Weighing Risks and Rewards with Alemtuzumab in Patients with Multiple Sclerosis

Alemtuzumab has been shown in clinical trials to be more effective than treatment with interferon beta-1a for patients with relapsing-remitting multiple sclerosis. However, the drug's side effect profile requires careful treatment monitoring and follow up.

Samuel F. Hunter, MD, PhD, president of the Advanced Neurosciences Institute in Franklin, Tennessee, gave a presentation on outcomes in patients with relapsing multiple sclerosis (MS) treated with Lemtrada (alemtuzumab) at the 2015 Annual Meeting of the Consortium of Multiple Sclerosis Centers in Indianapolis, Indiana.
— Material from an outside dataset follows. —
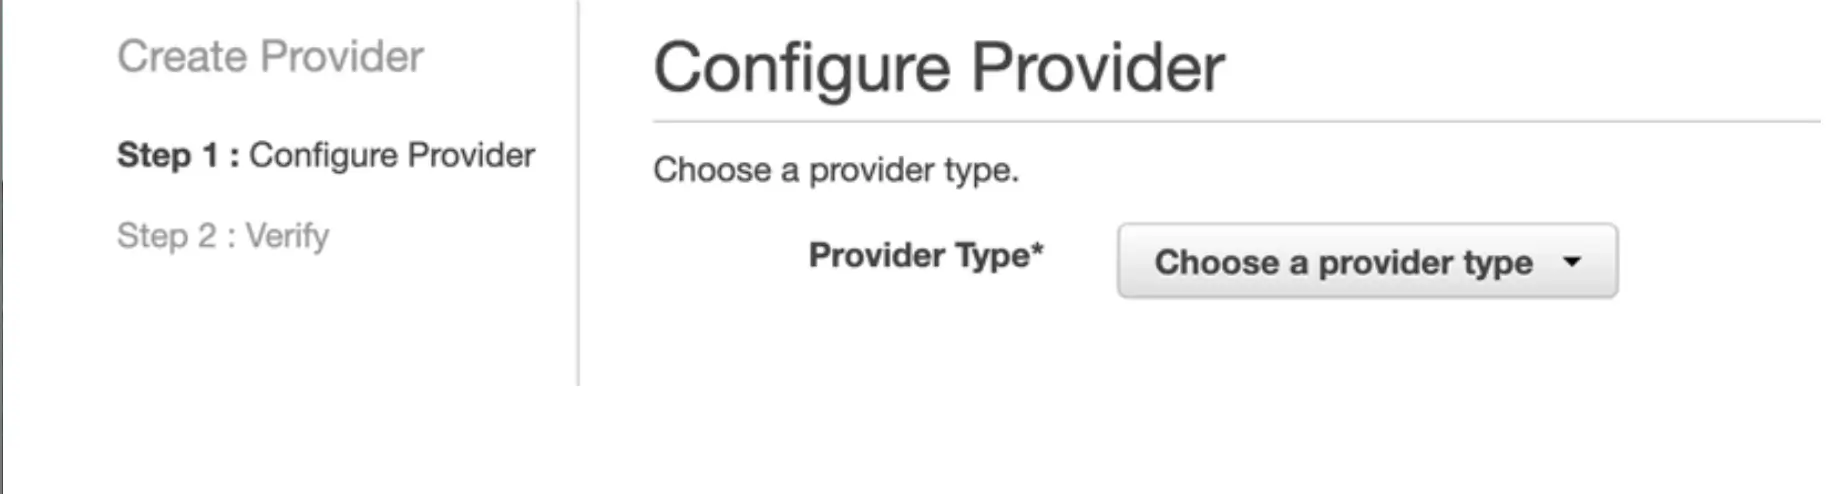 configure_provider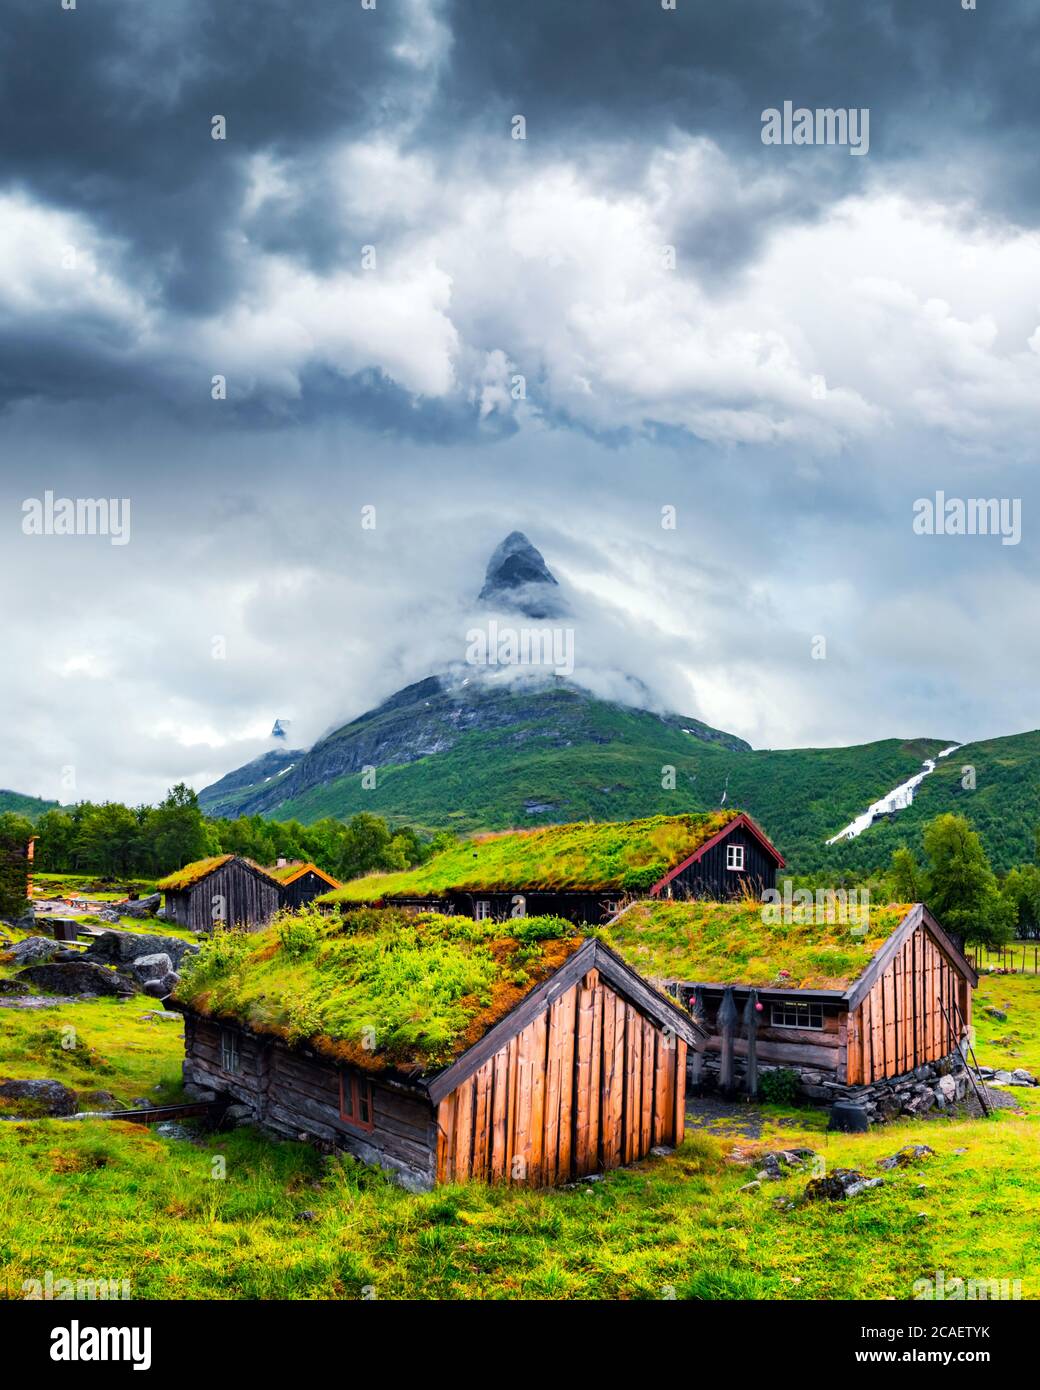 Tipiche vecchie case norvegesi in legno con tetti in erba a Innerdalen - la più bella valle di montagna della Norvegia, vicino al lago Innerdalsvatna. Norvegia, Europa. Fotografia di paesaggio Foto Stock

The Food and Drug Administration approved the drug in November 2014 after two large, phase III clinical trials that demonstrated its ability to reduce relapse rates over 2 years over standard subcutaneous dosing of Rebif (interferon beta-1a, EMD Serono Inc. and Pfizer). One of the studies also showed that Lemtrada may also reduce disease progression.

He said the first trial began 24 years ago, so primary care physicians may want to share this with their relapsing MS patients who are concerned about trying a “new” drug.

Hunter explained that Lemtrada is thought of as a “permanent” disease-modifying therapy. “It cleans the immune system up, both the B and T cells. Transiently, it removes a lot of these cells and lets the immune system reconstitute. No one knows how it can make MS better yet, but the immune system is different,” he said.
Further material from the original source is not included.